When 15-year-old Maggie Fox is incriminated in a terrible event, no one believes her when she claims it was a ghost. When the family flee the scandal to spend the winter in upstate New York in a remote, freezing farmhouse, Maggie and her younger sister Kate turn their angry boredom into supernatural tricks. But when the house starts to make menacing sounds of its own, Maggie, Kate and Leah quickly find themselves in a wild whirlwind of spirits, sightings and séances.


Deliciously arresting and hauntingly atmospheric, Barter writes with such a hypnotic, commanding voice that it had me hanging on every word. Coupled with her ability to stir up an uneasy and eerie tension that you could cut with a knife, We Played With Fire is a heart-pounding, page-turning feat.

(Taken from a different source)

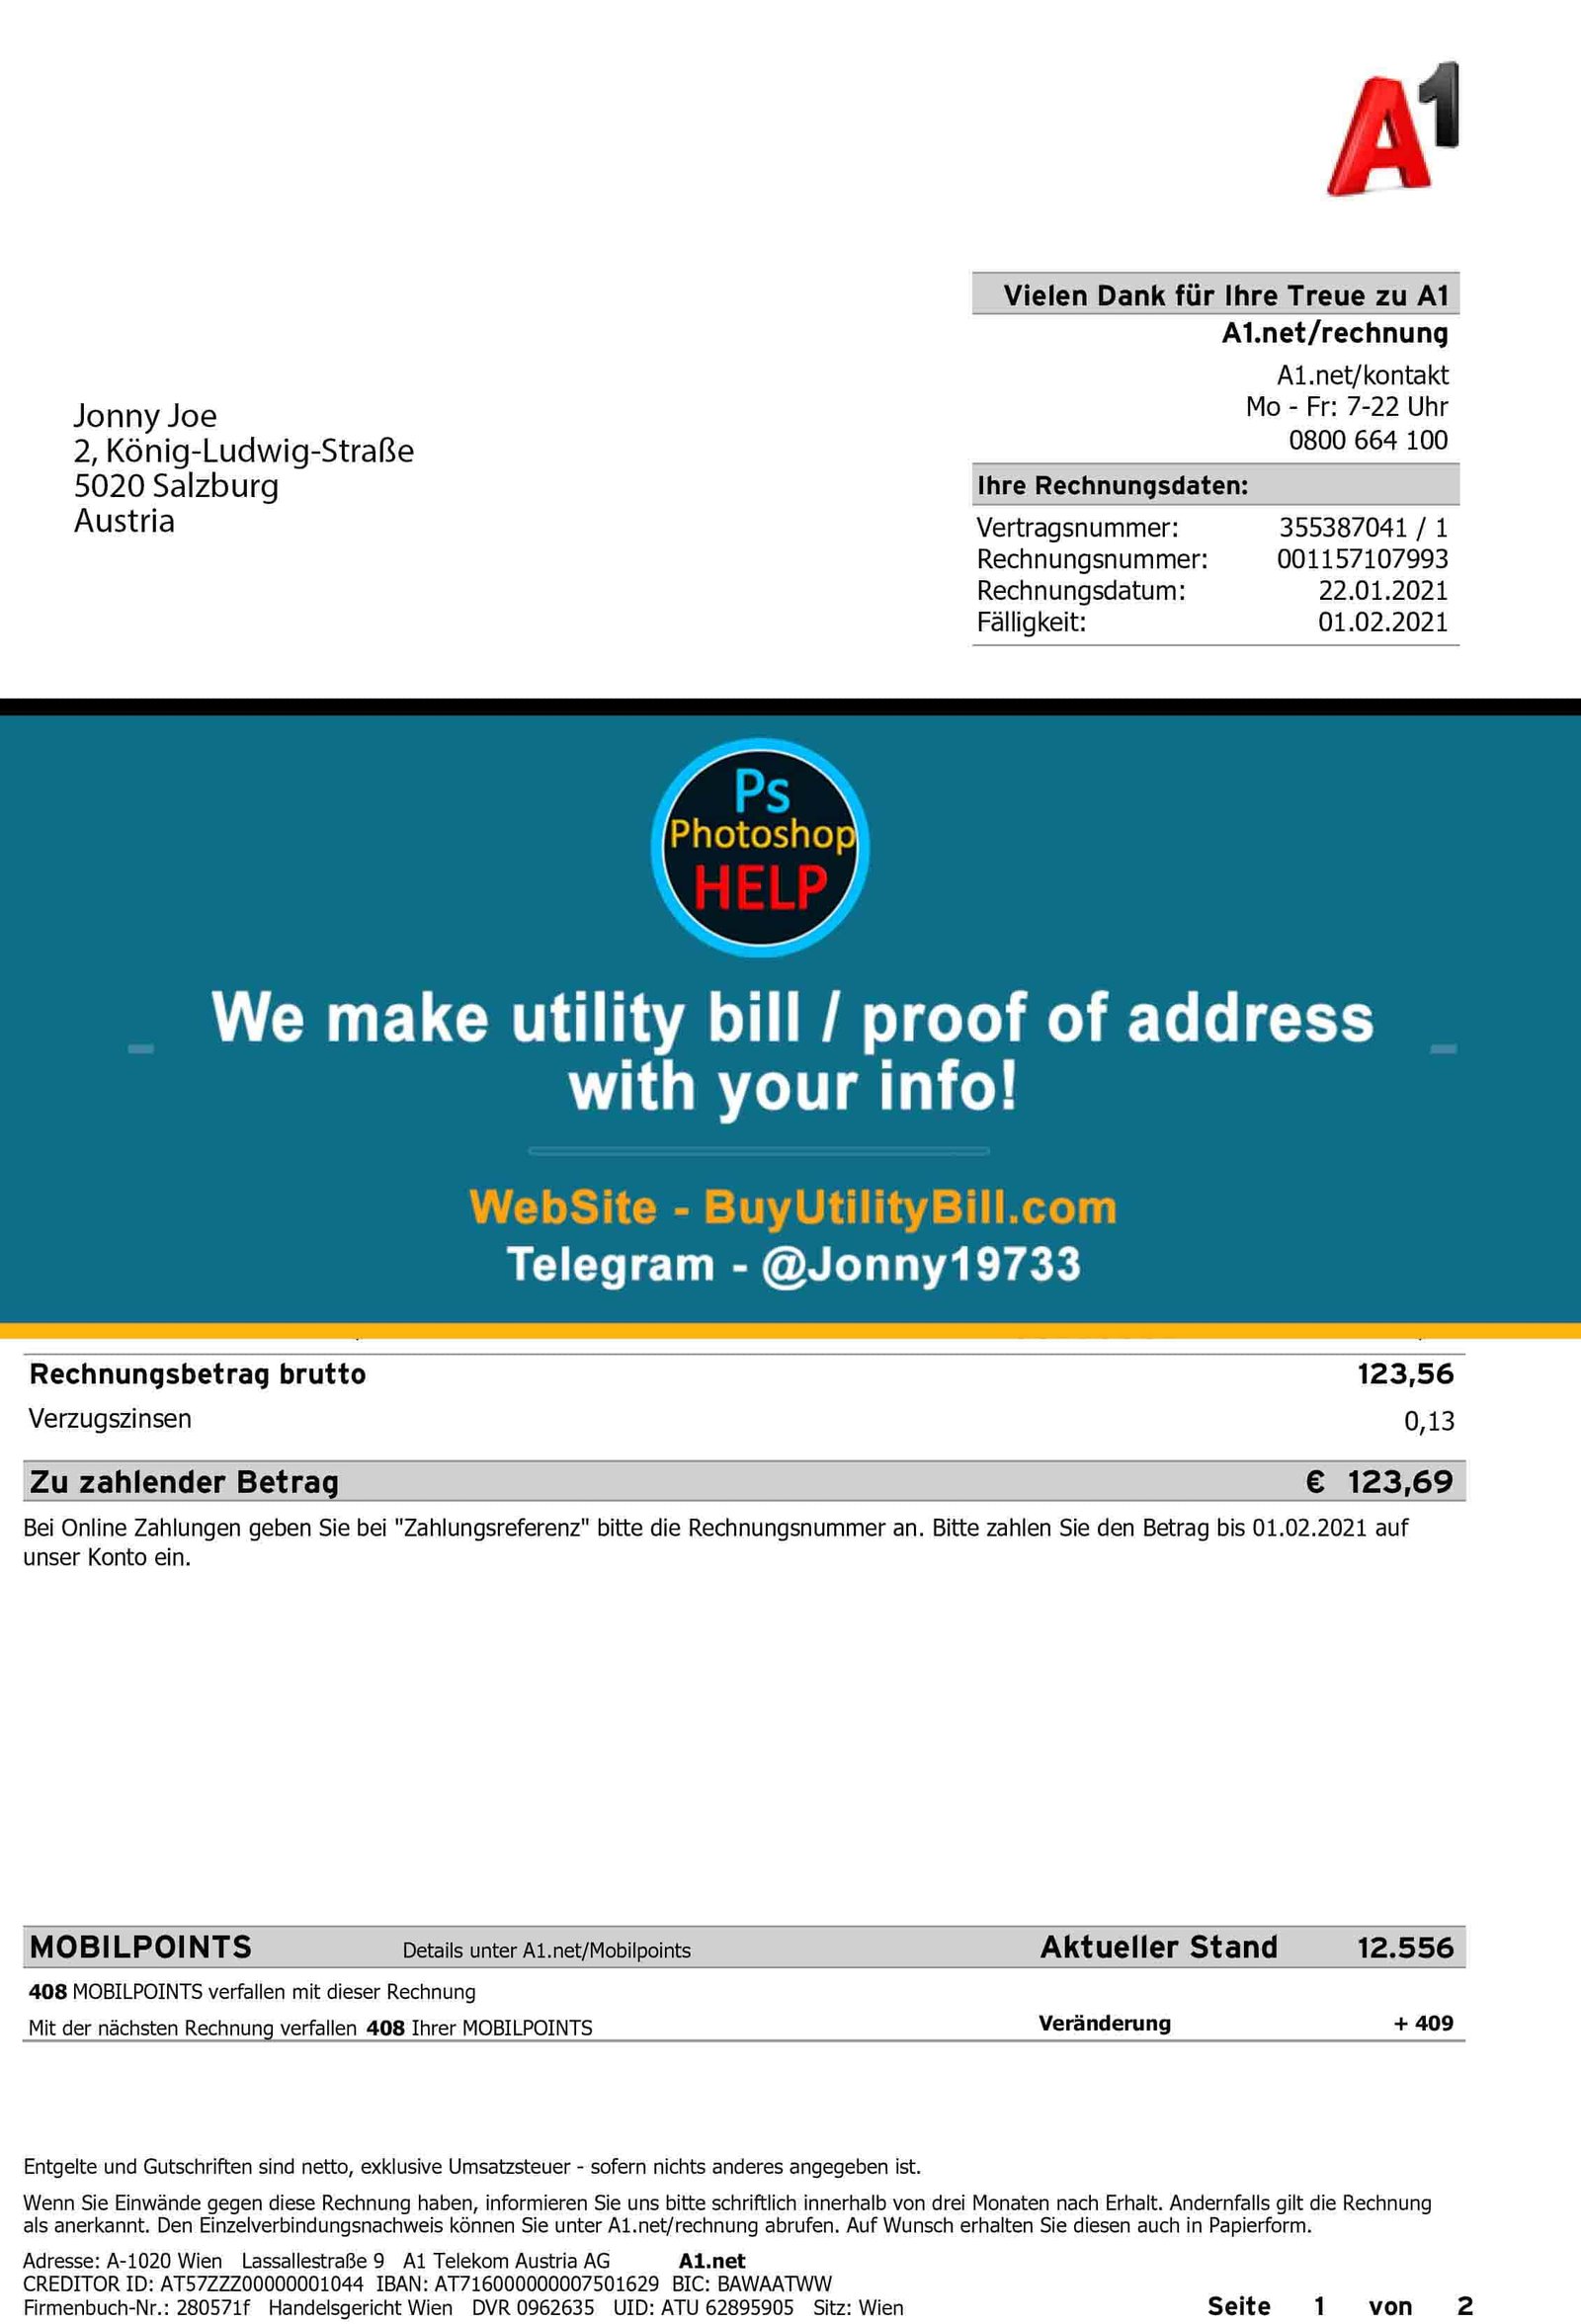 Austria A1 Internet,TV,Mobile bill Fake Utility bill

And seamlessly weaved into this stirring spiritualist plot of toe cracks and theatricals is a historical landscape peppered with engaging conversations surrounding radical politics, religion, women's rights, abolition, and other progressive social movements and activism. With a background in American Cultural Studies, Barter writes with an unquestionable knowledge of the period and its events and it's this validity that makes We Played With Fire so much more than just a ghost story. Notable figures like the radical Quakers, Amy and Isaac Post, and the antislavery campaigner Frederick Douglass make an appearance and touch on the worldly topics of the Underground Railroad, the Suffrage Movement and the 1848 Rochester women's rights convention. And all of this is rooted in an undeniable feminist heart that silently screams empowerment and rebellion against oppression and authority.


The Fox Sisters

Fraudsters or not, I honestly take my hat off to the Fox Sisters. In a society that gave women little to no voice, the sisters bravely shunned the world into silence and from it they paved a way for a new movement that rivalled the pre-existing, conformist notions. Whether it was intentional or not, they saw a power and potential behind their raps and toes cracks and made an impressive livelihood out of it. And all while they were teenagers - the youngest sister, Kate Fox, was just eleven years old when the first 'ghostly' encounter took place!


We Played With Fire is a thought-provoking, richly layered novel, saturated with the whispered undertones of the great literary classics, The Haunting of Hill House by Shirley Jackson and Arthur Miller's The Crucible. It's fierce, it's feminist, and it's perfect for fans of Frances Hardinge and Deirdre Sullivan.


YA book clubs, I dare you not to read this!